In their TILA claim, the Cocrofts allege that they exercised their right to rescind the mortgage on July 1, 2009 and that the defendants refused to honor the rescission. The complaint alleges that the mortgage was Courtroom Deputy OR Initials:
made on or about April 17, 2007.
The Court agrees with Codilis & Associates that it is not a proper defendant on the TILA claim because it is not a creditor of the Cocrofts. Only a creditor can be liable under TILA. See 15 U.S.C. § 1640(a). A creditor is a person to whom the debt is payable. See 15 U.S.C. § 1602(f). Codilis & Associates is not and was not a creditor of the Cocrofts; rather, it is the attorney for entities that allege they are creditors of the Cocrofts. The fact that a law firm can (in appropriate circumstances) be a proper defendant on a claim under the Fair Debt Collection Practices Act (FDCPA), as the Cocrofts argue, does not help them in this case, because the Court is considering a TILA claim, not a FDCPA claim. Codilis & Associates is entitled to dismissal with prejudice of the TILA claim.

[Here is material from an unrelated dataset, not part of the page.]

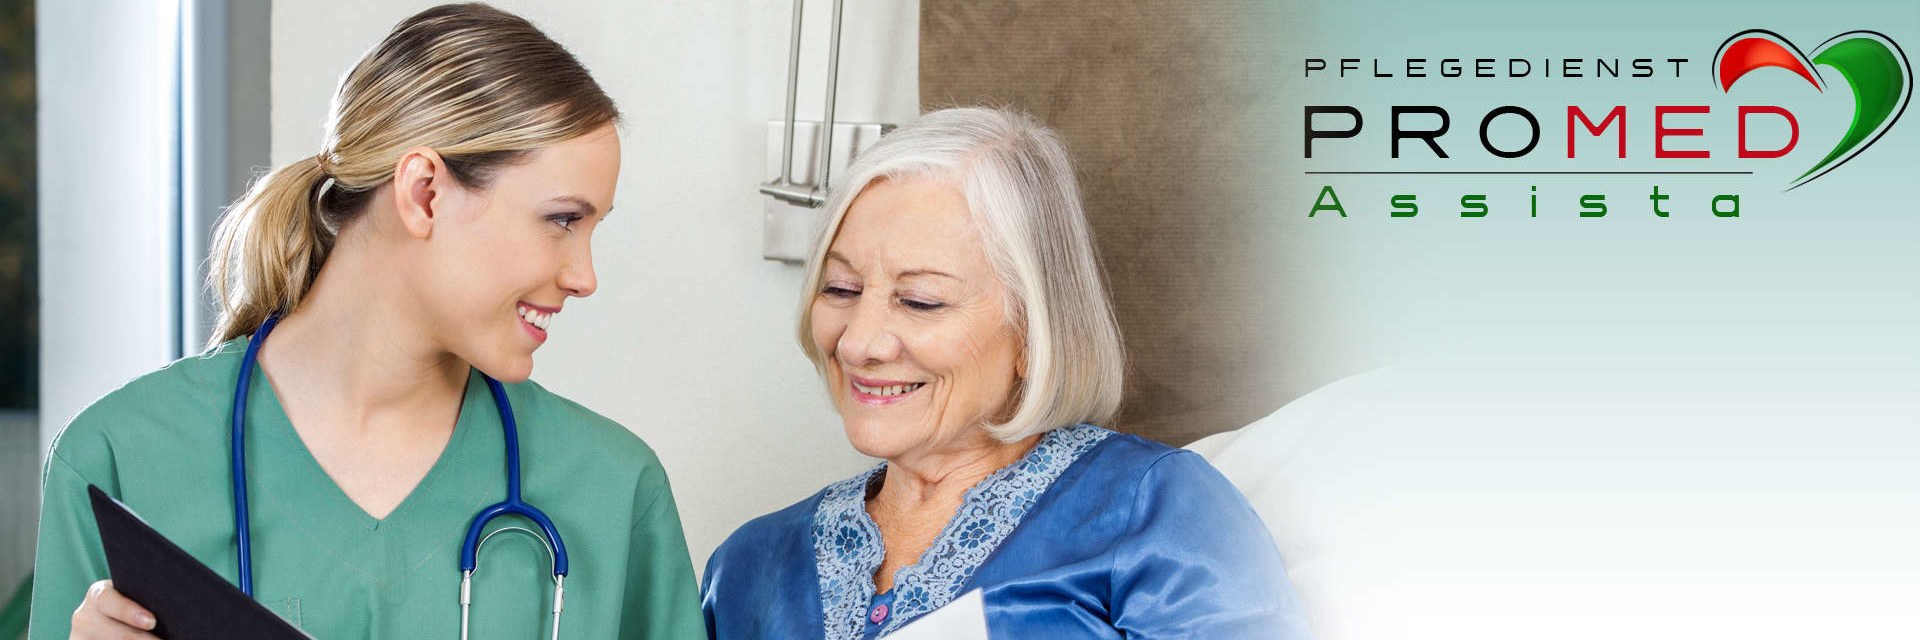 Pflegedienst Promed Assista

The other defendants argue that the TILA claim against them has several deficiencies. First, the Court disagrees with the contention that the Cocrofts' claim is deficient because the property was not their principle residence. The Court cannot make that determination as a matter of law from the complaint or the attachments. Second, the Court disagrees with defendants' contention that the Cocrofts cannot seek rescission under TILA because did not first tender or offer to tender the property they received, i.e., the mortgage loan. In contrast to common law rescission, the borrower need not first return the loan proceeds he or she received to effect a rescission. See Velazquez v. HomeAmerican Credit, Inc., 254 F. Supp. 2d 1043, 1045-46 (N.D. Ill. 2003) (citing other cases). Rather, were the Court to order rescission, it would condition that on appropriate tender of consideration by the Cocrofts. But that does not have to happen as a prerequisite to filing suit, contrary to the defendants' arguments.

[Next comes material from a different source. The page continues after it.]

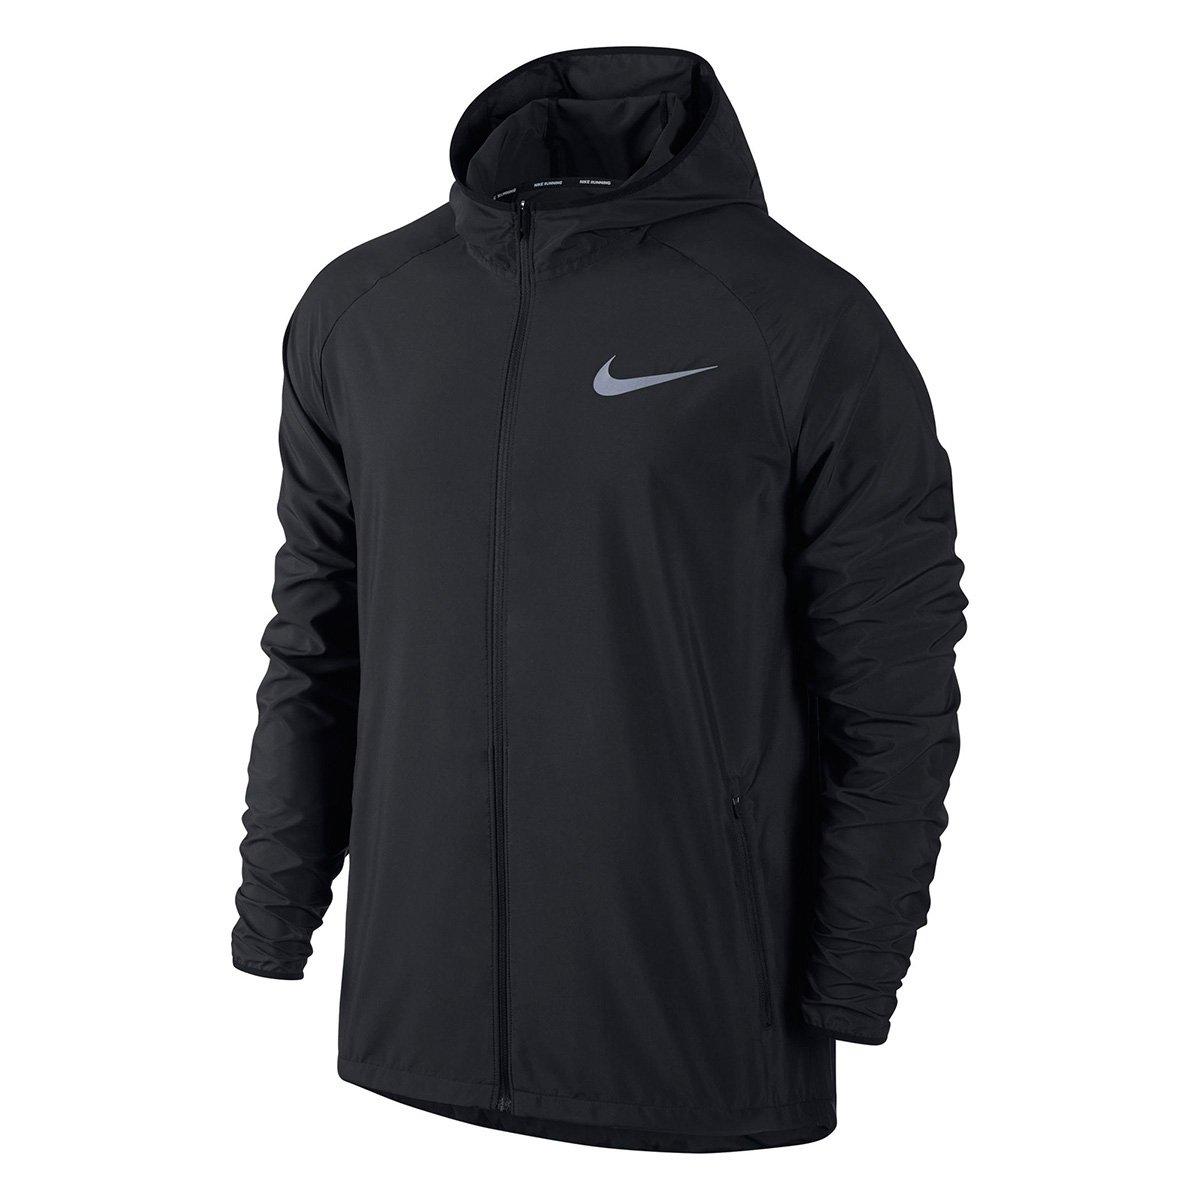 Jaqueta Nike Essential HD Masculina - Compre Agora  2a7b7cad37b44

Defendants' third argument, however, has merit. Under TILA, a debtor has three business days from the date of the transaction to rescind. If, however, the creditor has failed to make all material disclosures, the consumer's right to rescind may be extended for up to three years. 15 U.S.C. § 1635(a); see Velazquez, 254 F. Supp. 2d at 1045. In this case, however, the Cocrofts do not allege any TILA violations at the time of the loan back in 2007. Rather, the only TILA violation they allege in their complaint is the failure to honor the right to rescind. But because the Cocrofts allege no basis for extending the time for rescission under TILA, the time for them to rescind had already expired long before they send the notice of rescission or cancellation in July 2009. A debtor that lacks the right to rescind cannot construct a TILA violation from a creditor's failure to honor their tardy rescission demand. See Velazquez, 254 F. Supp. 2d at 1047 n.1.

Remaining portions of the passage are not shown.